→ **What to produce**: If a record holds a picture, leave the picture out and print everything else exactly.

→ **Data records**:
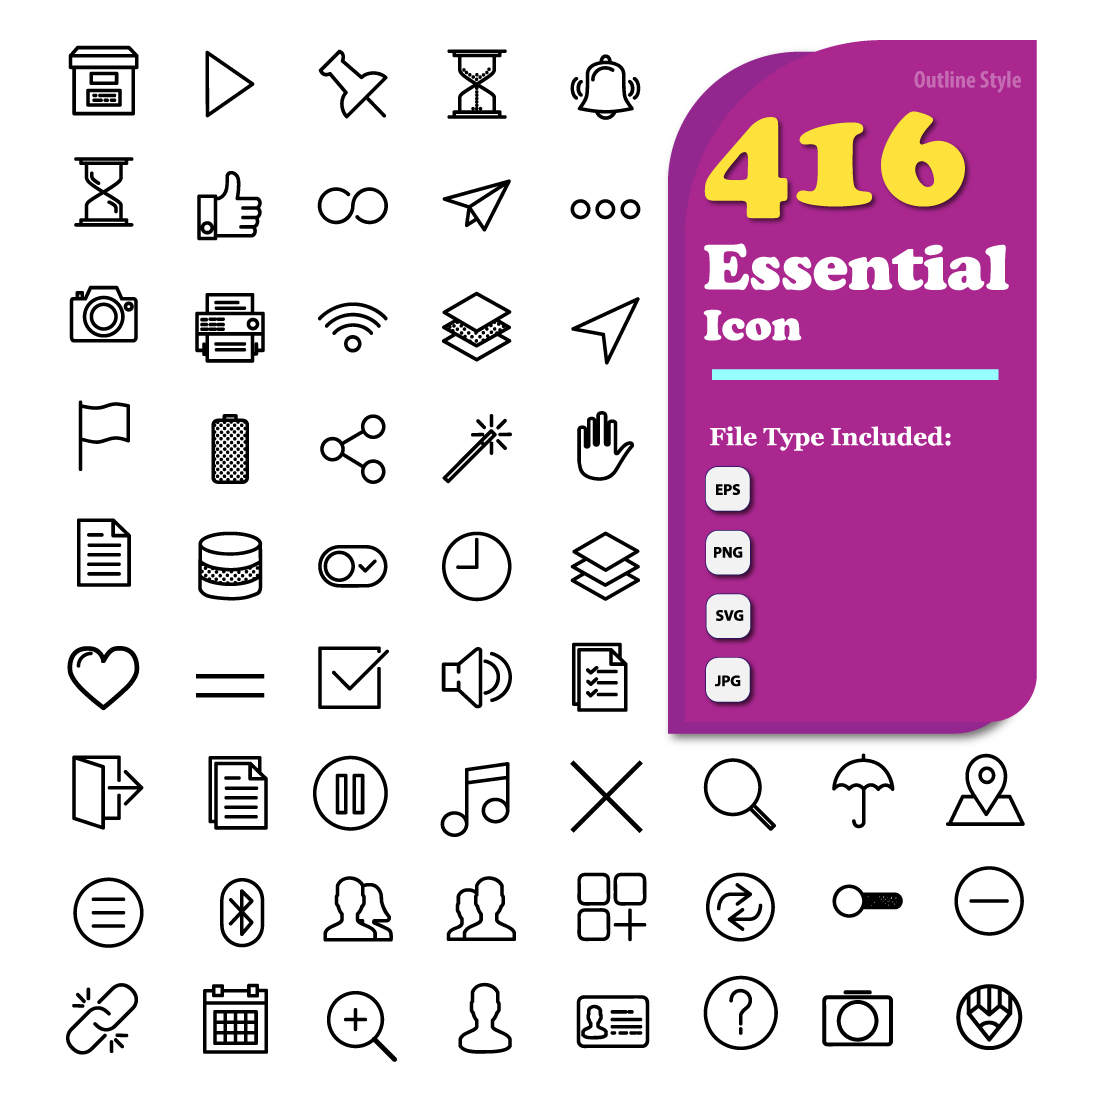 416 Essential Icons set, Outline Style Only $39 cover image.
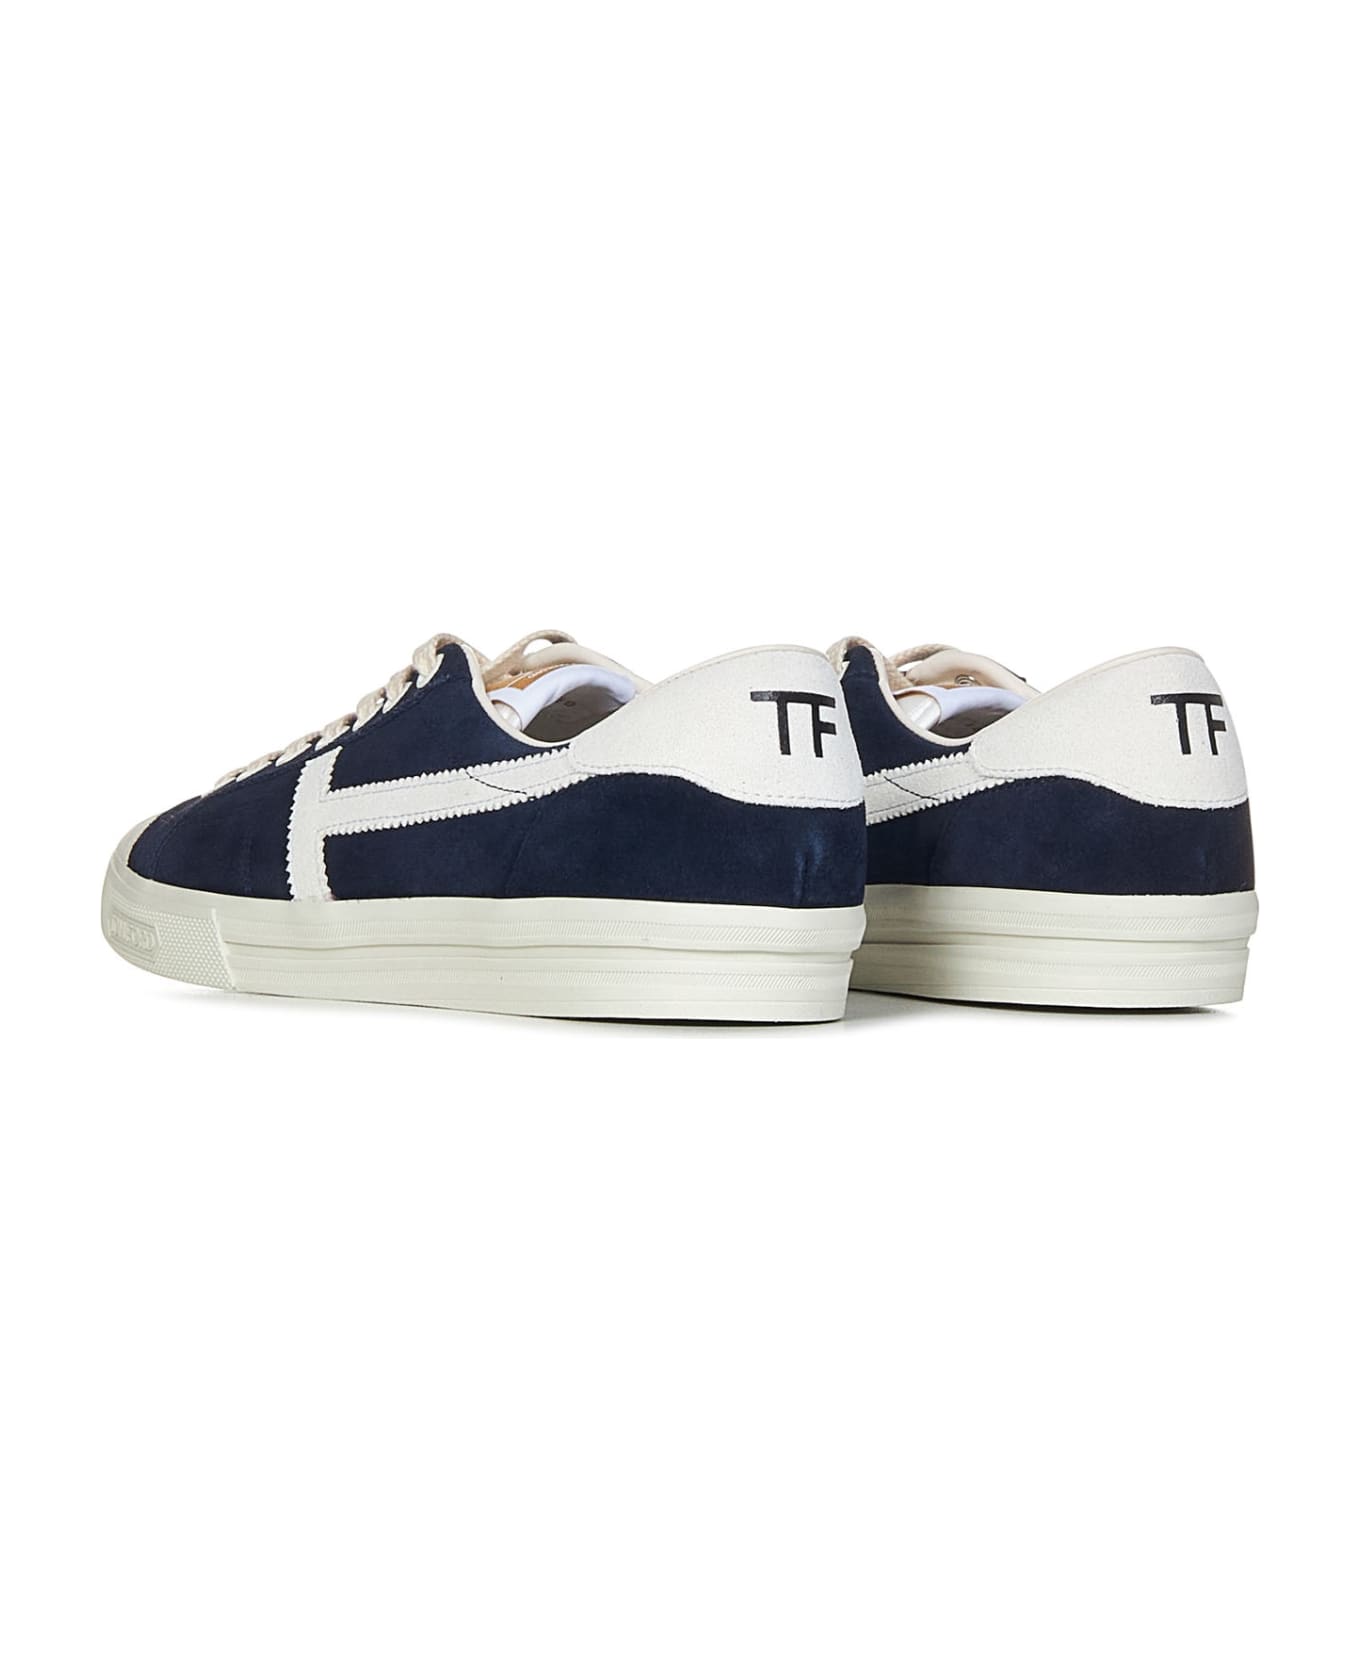 Tom Ford Jarvis Sneakers - Blue
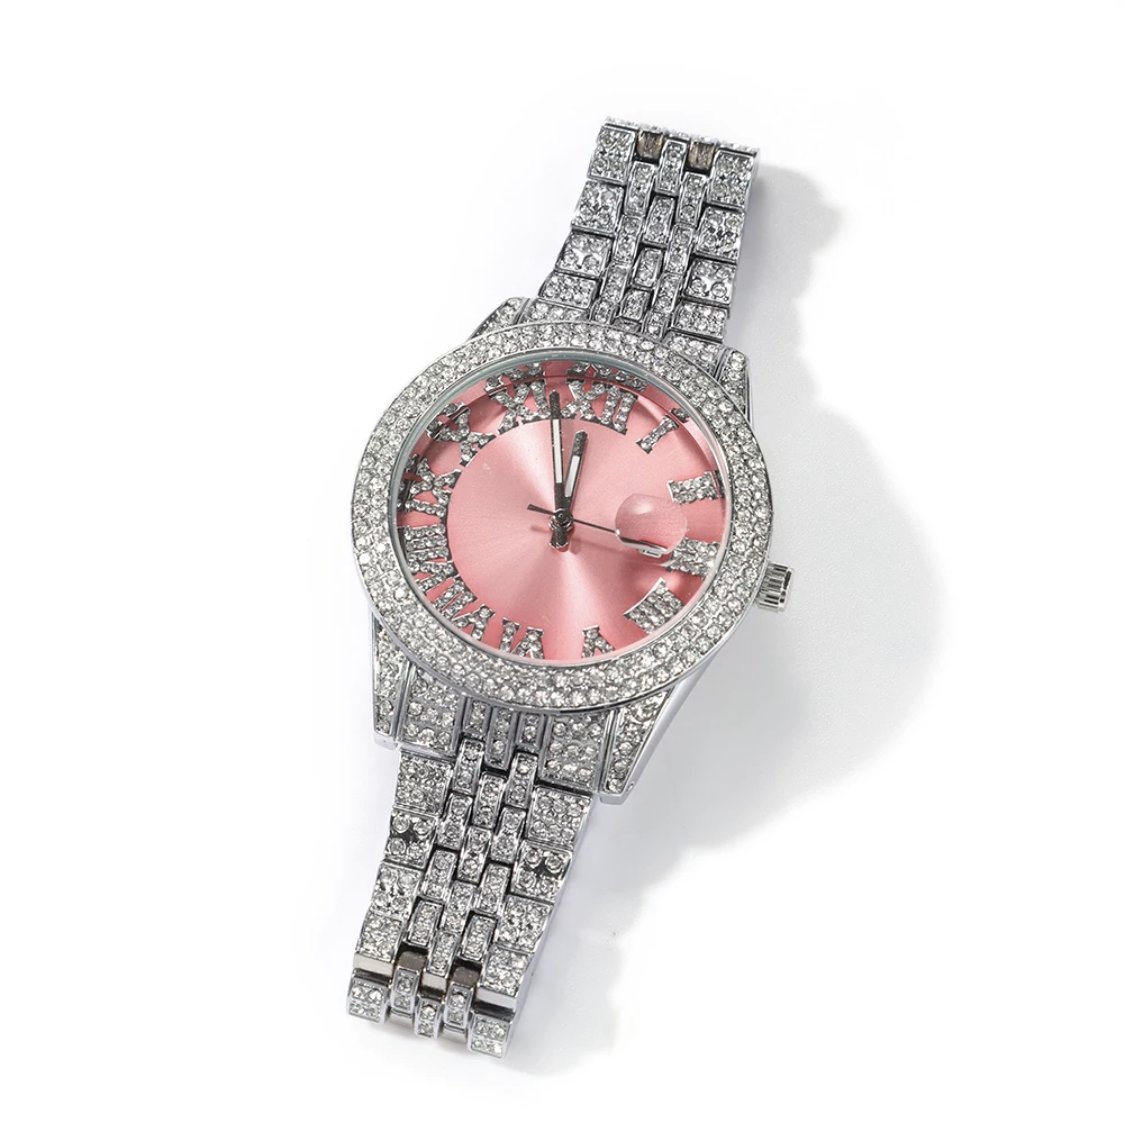 Icy Girl Watch - Pink/Silver - Bedazzle Baddie
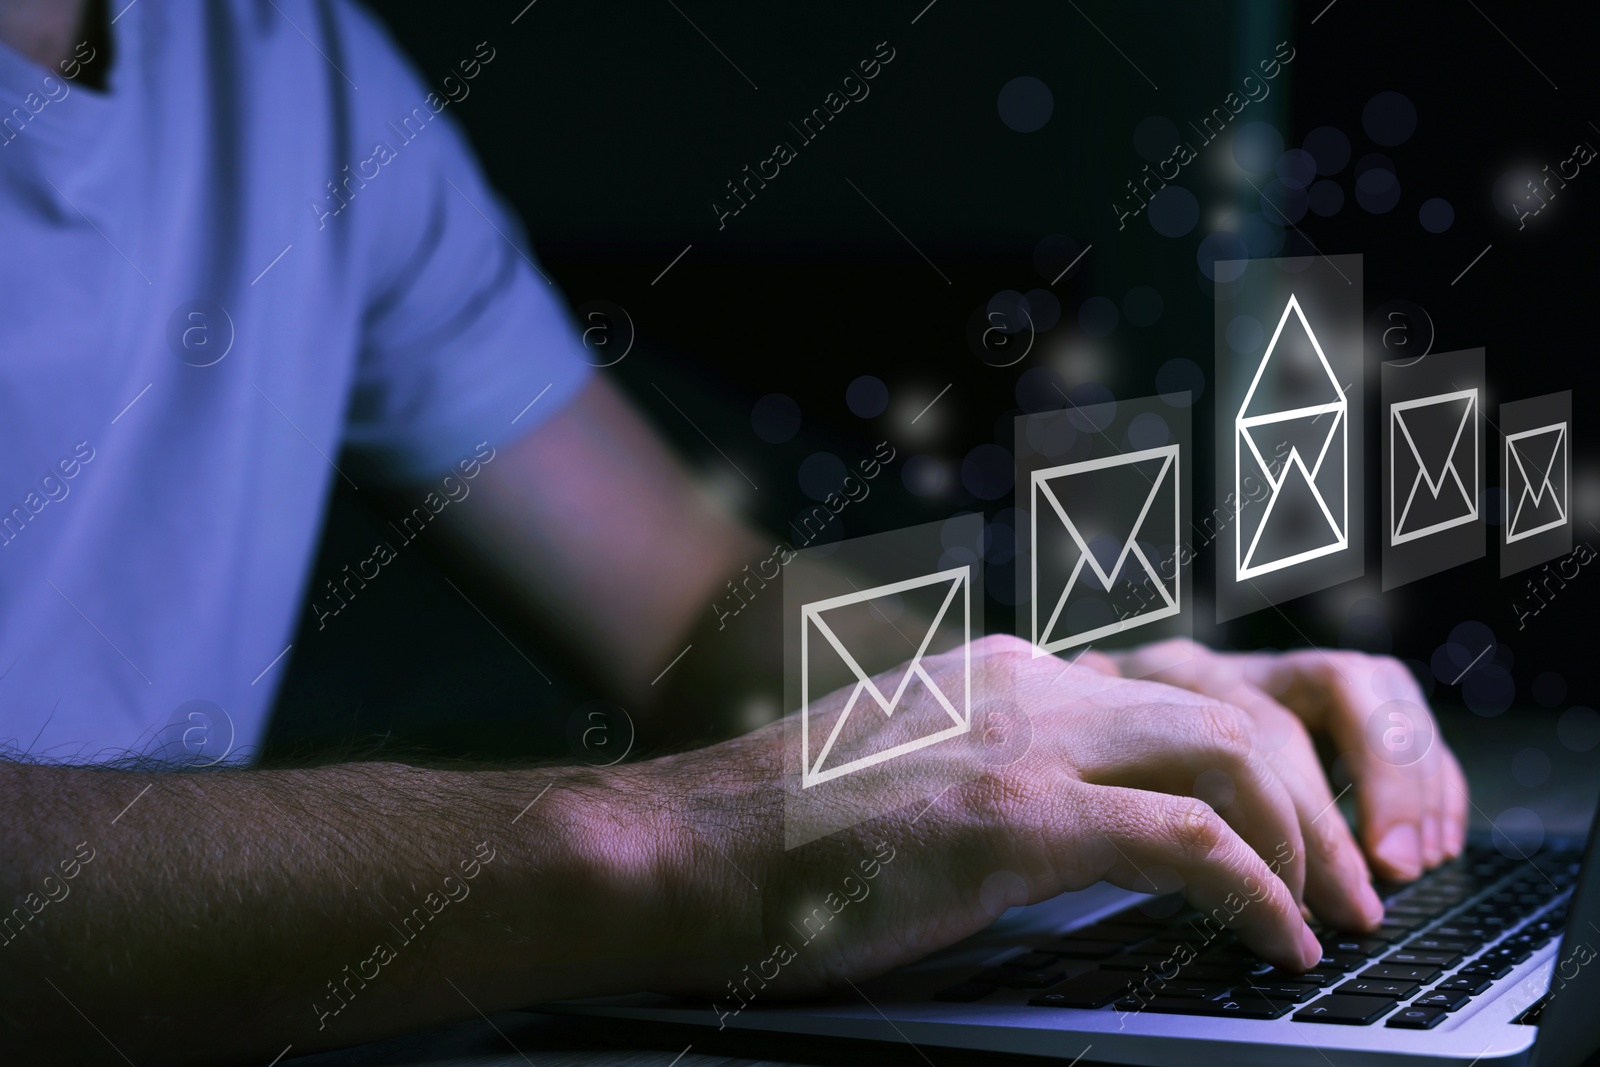 Image of Email. Man using laptop at table, closeup. Letter illustrations over device
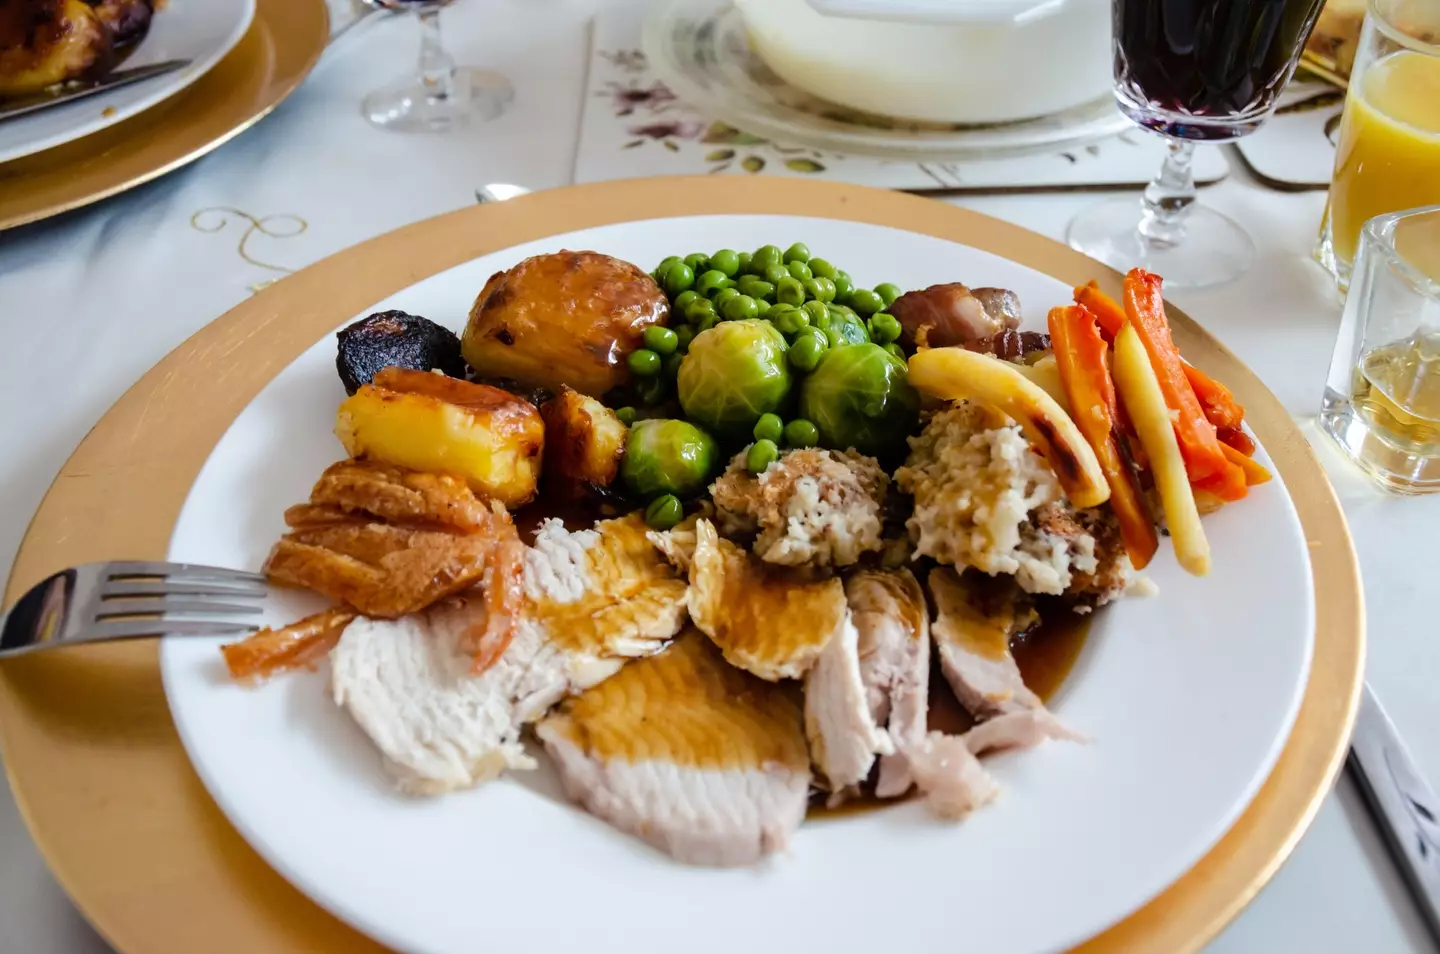 People are debating whether or not dogs should be allowed to have Christmas dinner.

→ **Task answer**:
 416 Essential Icons set, Outline Style Only $39 cover image.
 Tom Ford Jarvis Sneakers - Blue
 Icy Girl Watch - Pink/Silver - Bedazzle Baddie
 Image of Email. Man using laptop at table, closeup. Letter illustrations over device
 People are debating whether or not dogs should be allowed to have Christmas dinner.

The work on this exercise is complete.